The NBA is in a good position, as it’s still the most popular basketball league in the world. But like every other professional sports league, it’s facing issues with its players’ union. The latest round of negotiations between both sides has failed, and now it looks like we’re headed for another lockout. While you wait for an answer from these two teams (which may take months), here are some things you should know about what’s going on behind the scenes:
Teams are trying to make up lost revenue.
To make up for lost revenue, some NBA teams are looking for new ways to generate money. For example, the New York Knicks have started selling merchandise in China and India. Other teams might sell the rights for their games or even think about adding advertisements on their uniforms.
It’s not just professional sports leagues that are losing money during a lockout; college football has seen its share of negative effects too. Some schools have had to cancel games because they couldn’t find enough players who wanted to play under these conditions–or at all!
The NBA has a history of lockout.
Lockout is a labor dispute between a union and an employer, and it occurs when the two parties cannot agree on terms for their new collective bargaining agreement (CBA).
Lockouts can be caused by many factors. In some cases, they’re initiated by employers who want to reduce costs and increase productivity at their companies; in others, unions may demand better benefits for employees or higher wages from management. Often these two sides will negotiate until they reach an agreement that satisfies both sides’ needs without causing disruption in business operations or harming other stakeholders like customers or investors. However if no solution can be found through negotiations then one side will resort to using their leverage over another party’s decision-making process in order to gain concessions from them–this usually takes place through some form of action taken against your opponent’s property such as shutting down factories or locking out workers
The players union is fighting for a 50/50 split.
A 50/50 split would mean that players get half of all NBA revenue, which is currently split between owners and players. In the past, it’s been more like 57 percent to 43 percent in favor of owners.
The players union wants a bigger piece of the pie because they think they’re doing most of the work and deserve more than just 43 percent of what’s left over after paying coaches, general managers and other staff members (such as trainers). This isn’t just about money either–it’s about respect for what these athletes do every day on court or field.
Players are finding other income sources such as endorsements and appearances.
The lockout is not just affecting players. It’s also affecting the fans. If the season doesn’t start on time, a lot of people will be looking for other ways to spend their money and have fun while they wait for basketball to return.
Players are finding other income sources such as endorsements and appearances. This will help them make ends meet during this tough time in which they cannot play basketball professionally yet still need money coming in from somewhere else besides their NBA contracts because there is no guarantee how long this lockout could last or if it will ever end at all! Some players have even signed up for reality TV shows like Dancing With The Stars where you get paid big bucks just for showing up each week on camera!
The average player salary was $5 million in 2012, but Joe Smith made $17 million that year.
The average player salary in the NBA was $5 million in 2012, but Joe Smith made $17 million that year. He was a free agent and signed a contract with the Detroit Pistons that made him the highest paid player in NBA history at the time. At least until Kobe Bryant signed for $25 million per year just two weeks later.
The lockout is about how much money each team should get from TV rights deals and other sources of revenue like ticket sales or merchandise sales, but it’s also about who gets what percentage of those revenues: players or owners? The owners want to give more money back to themselves through luxury taxes on high-spending teams (like New York Knicks), while players want guaranteed contracts so they can plan their futures without worrying about being cut every year or getting injured before they get paid again next season
We’re all waiting for the outcome of the NBA lockout, but in the meantime, it’s good to know what’s going on.

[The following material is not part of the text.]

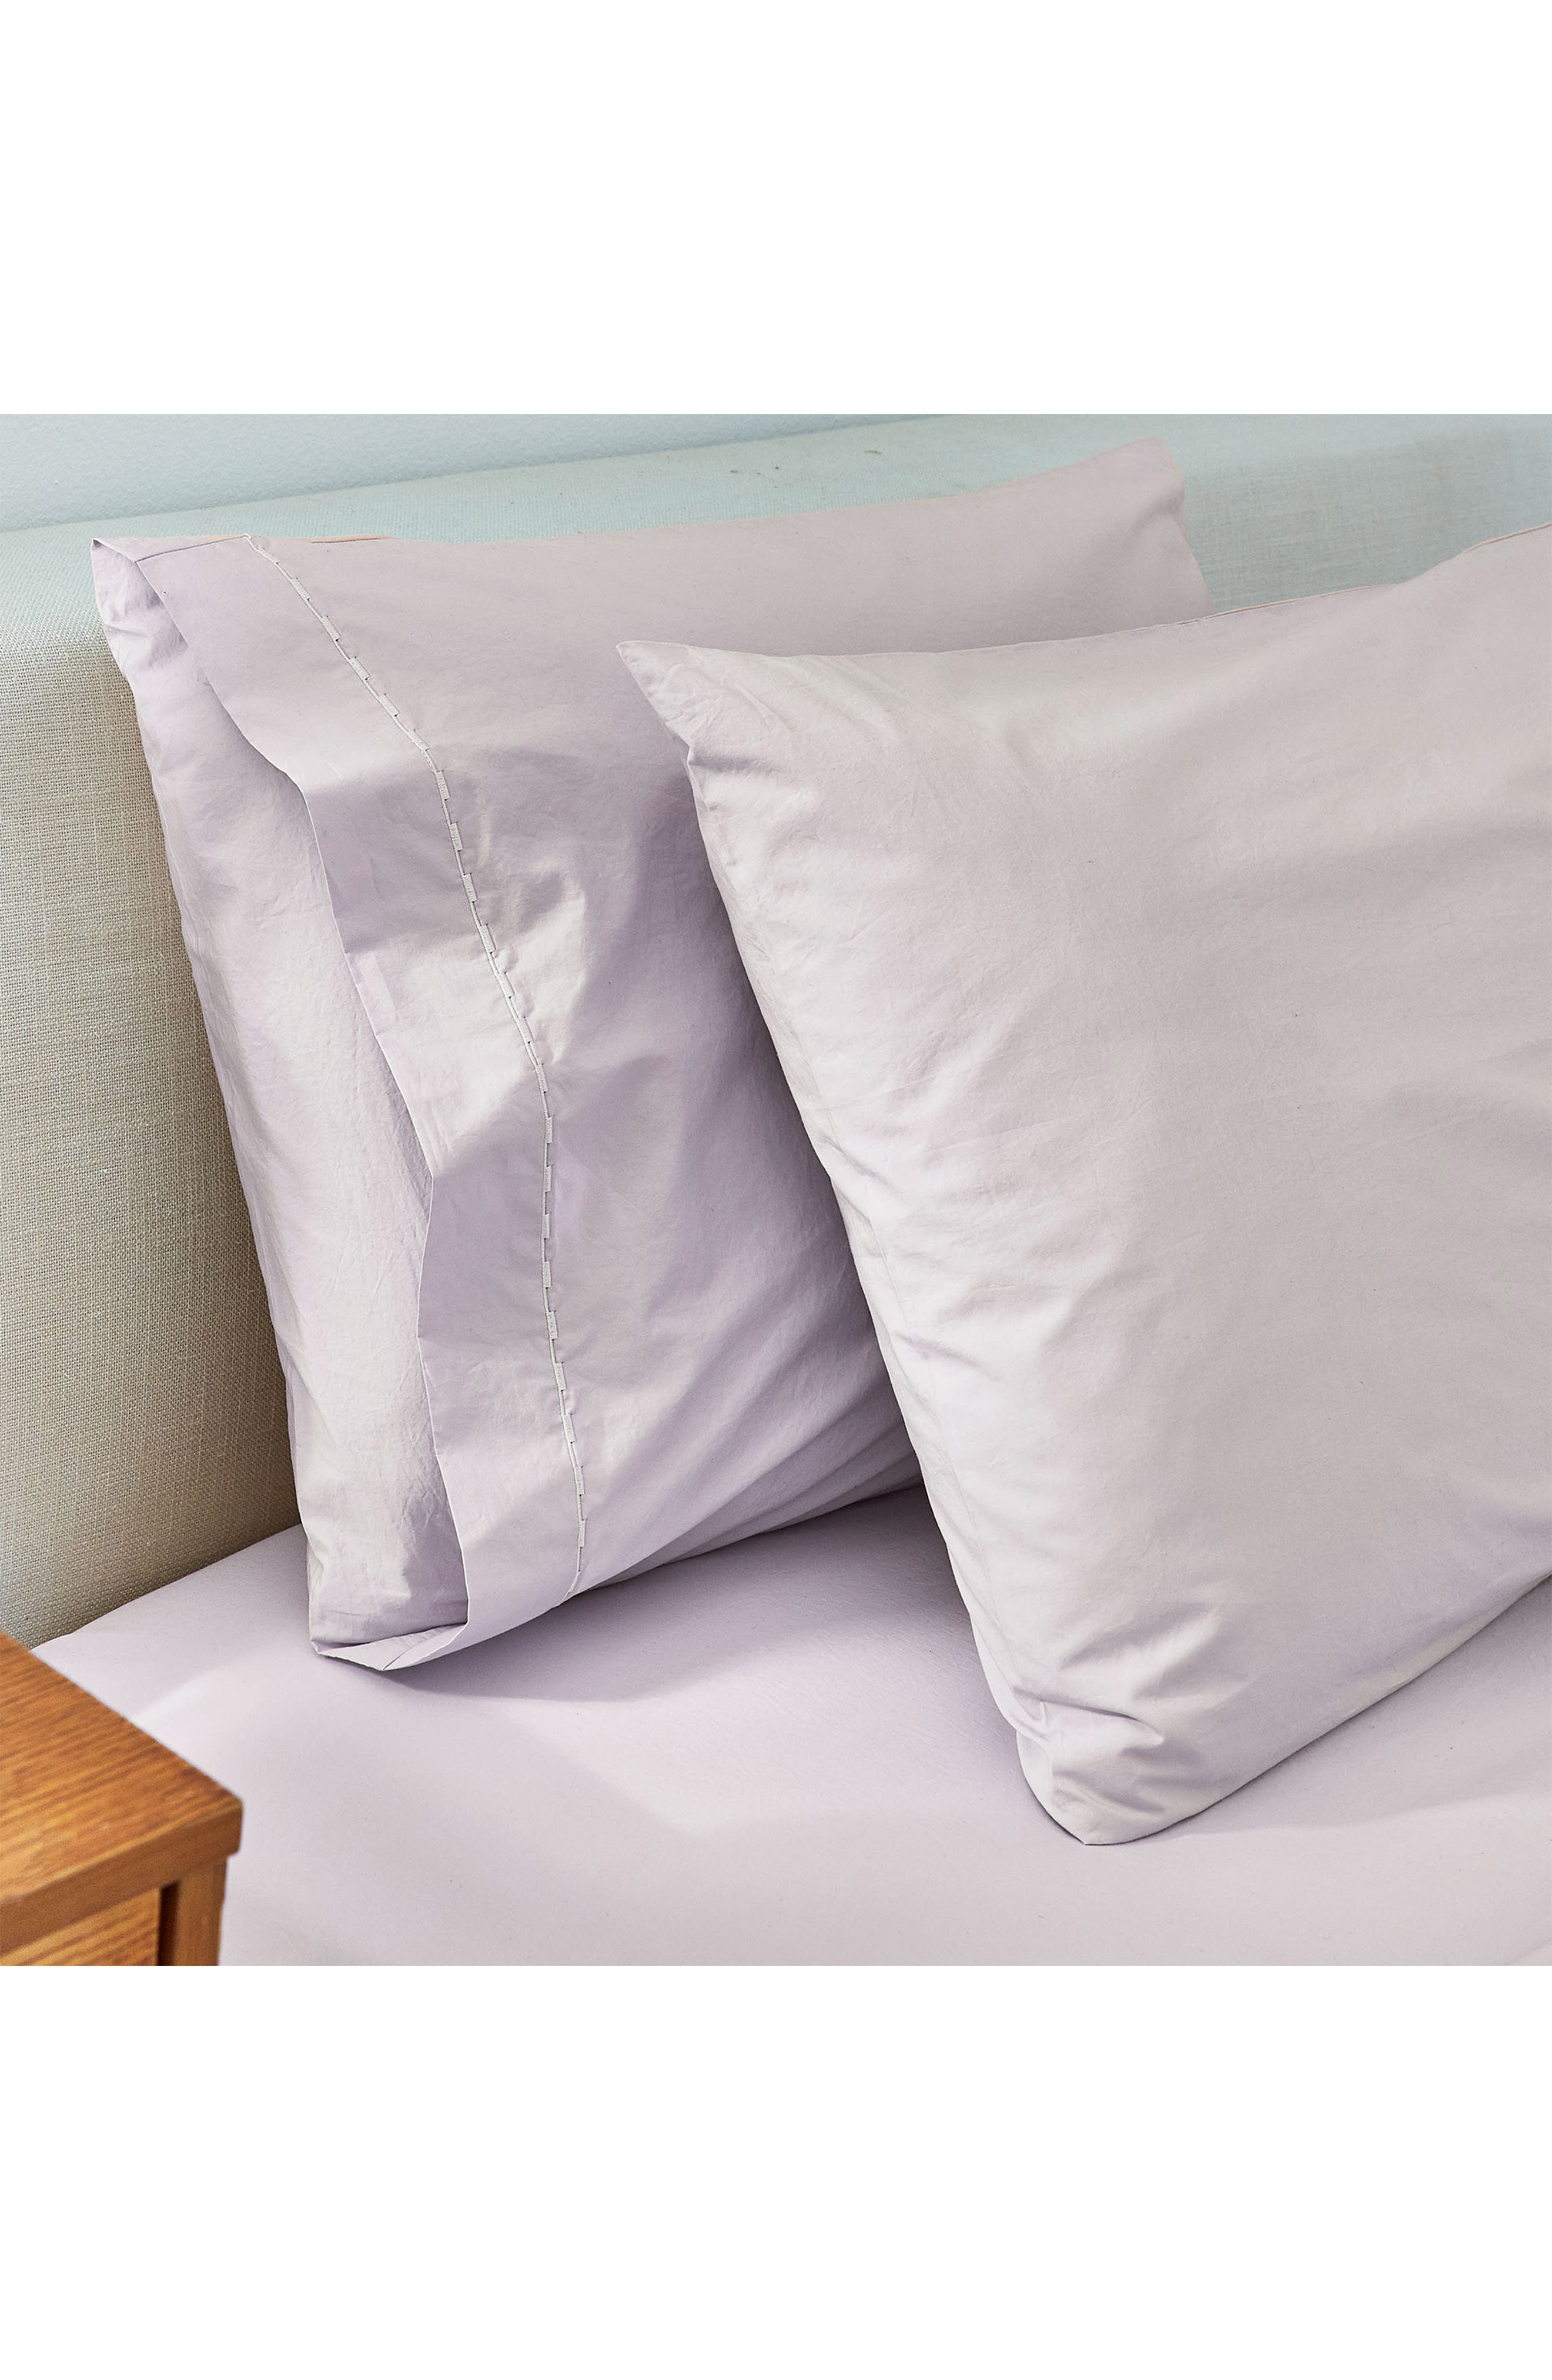 SPLENDID HOME DECOR,                             Spendid Home Decor Cotton Percale Pillowcases,                             Main thumbnail 1, color,                             MIST

The NBA lockout is a big deal. The NBA is the most popular sport in the US, and its players are some of the highest paid athletes in the world. If you’re not familiar with how this works, let me explain:
The owners (i.e., owners of teams) make money off ticket sales, merchandise sales and TV rights fees. They also make money by selling ads on jerseys and courtside seats at games–the more popular your team is, the more money you can charge advertisers per ad spot or seat location. So when it comes down to it: Who has more leverage? The players or their employers? It seems like an easy question until we realize that there are over 600 players currently unemployed (and counting).
We’re all waiting for the outcome of the NBA lockout, but in the meantime, it’s good to know what’s going on.